Fortunately or not, the Second Circuit expressly avoided that question in its decision. Opinion at 4. Nevertheless, the manner in which the court defined the forum in this case (i.e., as being limited to the "interactive features" associated with the @realDonaldTrump account) suggested that it was taking pains not to issue a ruling that would define the entirety of Twitter as a public forum.

But there is an analytical weakness in how the Second Circuit went about this, inasmuch as the breadth of the putative forum found to have been opened by Trump has no practical limit. There are no boundaries on what an individual might discuss in a reply to one of Trump's tweets, or the direction the subsequent comment thread might turn. If Twitter were held to be bound by the First Amendment in its moderation decisions within this "metaphysical space," users who wished to engage in hate speech or any other communications falling into the gap between constitutional protection and Twitter's terms of service could simply conduct those conversations within a thread started by a public official. The "metaphysical space" would consume the whole of the site.

This is not to say that the ultimate determination that Trump and Scavino violated the First Amendment is incorrect, but analyzing the case through the public forum doctrine may prove to be confusing and unhelpful for future cases. It might have been wiser for the Second Circuit to avoid this approach entirely, and upon determining that Trump was acting in his official capacity to hold that (1) members of the public have a First Amendment right as listeners, with which government officials may not interfere, to receive the official public statements of the President, and (2) the First Amendment forbids the government from actively interfering with private individuals' discussion of matters of public interest, certainly when motivated by viewpoint discrimination and regardless of the context or the tools used to accomplish that interference.
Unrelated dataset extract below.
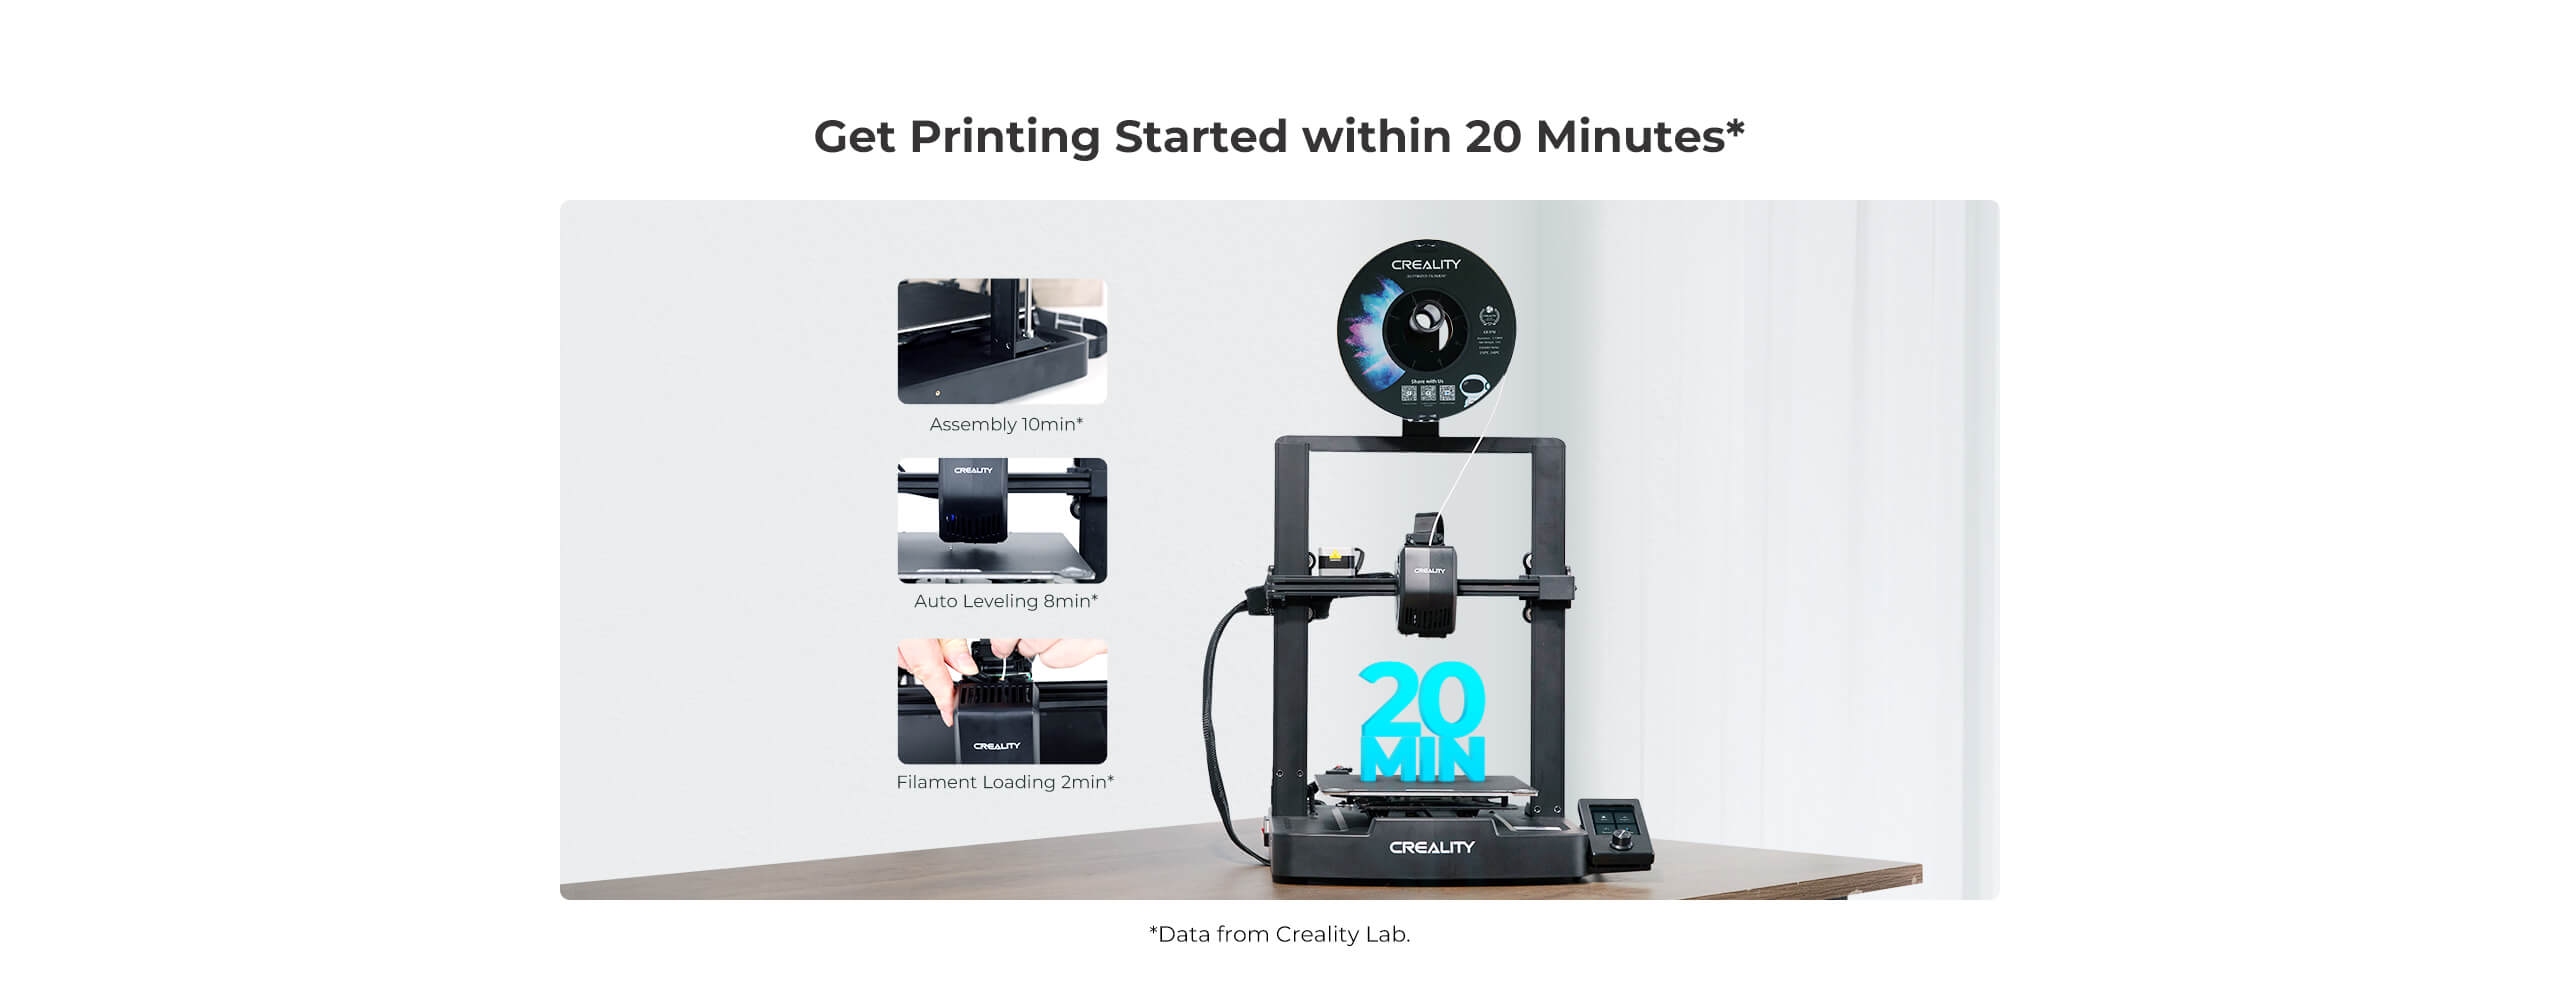 Using Ender 3 V3 SE get printing started within 20 minutes

Those two statements seem unremarkable (if perhaps only to me), keep the focus on acts of government officials, and do not depend on characterizing the space in which the interference takes place as any kind of government-operated constitutional "forum." If anything, the First Amendment problem is arguably easier to see if the case is understood as involving the government interfering with citizens' speech in a space owned by private parties. After all, we do not permit the government to interfere with our discussion of the President's statements in our homes or places of business (which are certainly not public fora); the same should apply to Twitter.

Jeff Hermes is a Deputy Director of MLRC.